- onlinematrimonyin
- Jan 11, 2022
- 3 min read
All of us reach adulthood with certain beliefs about marriage. Many of us have witnessed happy marriages. Some have been blessed with happy marriages, while others are not so fortunate. Even if marital role models haven’t been healthy and happy marriages, we don’t have to live in an unhappy marriage matrimony.
Marriages can be hard, and sometimes even challenging. It's not possible to have a "Leave the matter to Beaver" or "Father knows better" marriage. Those were marriages that existed in a different era, if any. The marriage of today has many more moving parts that the relationships of the 40s-50s and 60s. These examples are not the real story of simpler times, so it would be unfair for our marriage to view them as such.
In today's world, marriages can be pulled apart by many things. You can have separate careers, blended families and different child rearing methods, as well as financial problems. These issues can all cause marital discord. In the current culture, it can seem difficult to have a happy marriage. To have a lasting, happy marriage, both spouses have to be committed to each other. I am not a counselor for marriage. These are my three tips based on more than 30 years of marriage with the same amazing man.

1. It is important to make our partner in marriage the first priority in all of our lives. It's easy to forget this tip and not pay attention to our children or our careers. Many families are mixed. Some parents feel that they have to put their children from the previous marriage at the top. This could be due to guilt or shame over their previous marriage failure. You may feel disconnected from your spouse. It doesn't matter what the reason, it is a recipe that will lead to another failed marriage. Our marriage should be like the sun in our family’s solar system. The children orbit around the sun. Our children will eventually leave our solar system for their own if we're successful parents.
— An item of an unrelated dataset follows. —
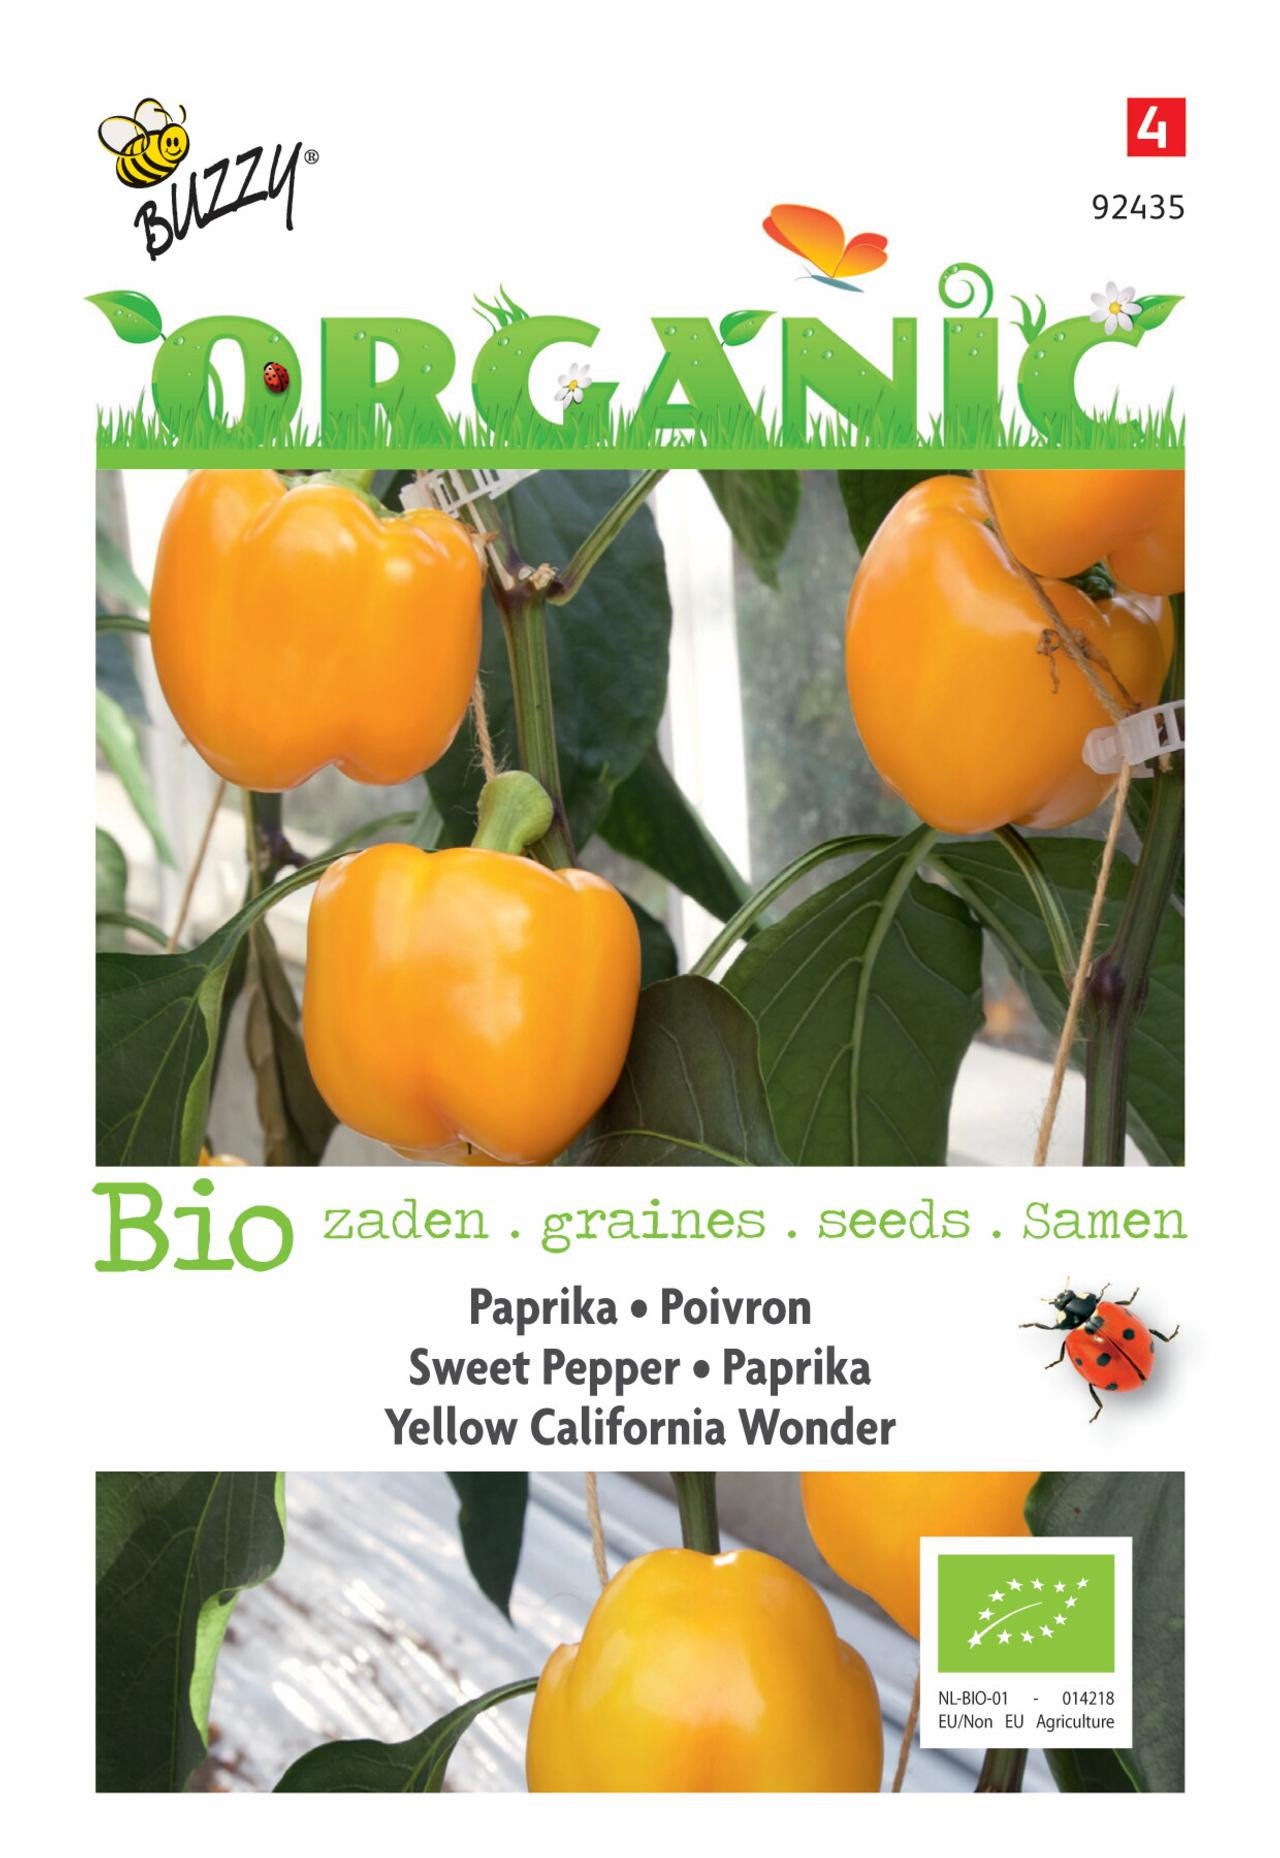 Capsicum annuum 'Yellow California Wonder' (BIO) plant

We have often said in our wedding vows that we will love one another and not forsake anyone else. This could mean that there are other people who may want to attract us away from our spouse, or have an affair. This could be a temptation to remain too close to other people, like parents, siblings or friends, careers, and any other things that might compromise our partner's top spot in our lives. My husband and I know someone who is close to his family. She likes to travel and spend time with them, even if it means he's not able to participate in the plans. Their marriage is extremely rocky at the moment. This will likely continue until they decide to make their marriage the #1 priority of their lives.
2. Treat our spouses as we would wish to be treated. The golden rule! It was my experience that I needed to show more love to my spouse if I wanted them to be more loving. I had to first be more loving if I wanted my partner less argumentative. This was a huge breakthrough in our marriage. Amazing things happened when I began to treat him as I would like to be treated. It could have been because I was the first to change.
3. Communication can be the difference between a happy marriage and a broken one. Communication patterns are something that we all establish early in our marriages. We have the freedom to choose what communication pattern we want. My husband is not only my partner, but my best friend. We communicate often throughout the day. We don't communicate only about current events or our children. They are conversations about our feelings about what is happening in the world. Many people are unable to communicate beyond their children. It can be dangerous for a marriage if the children have left the nest.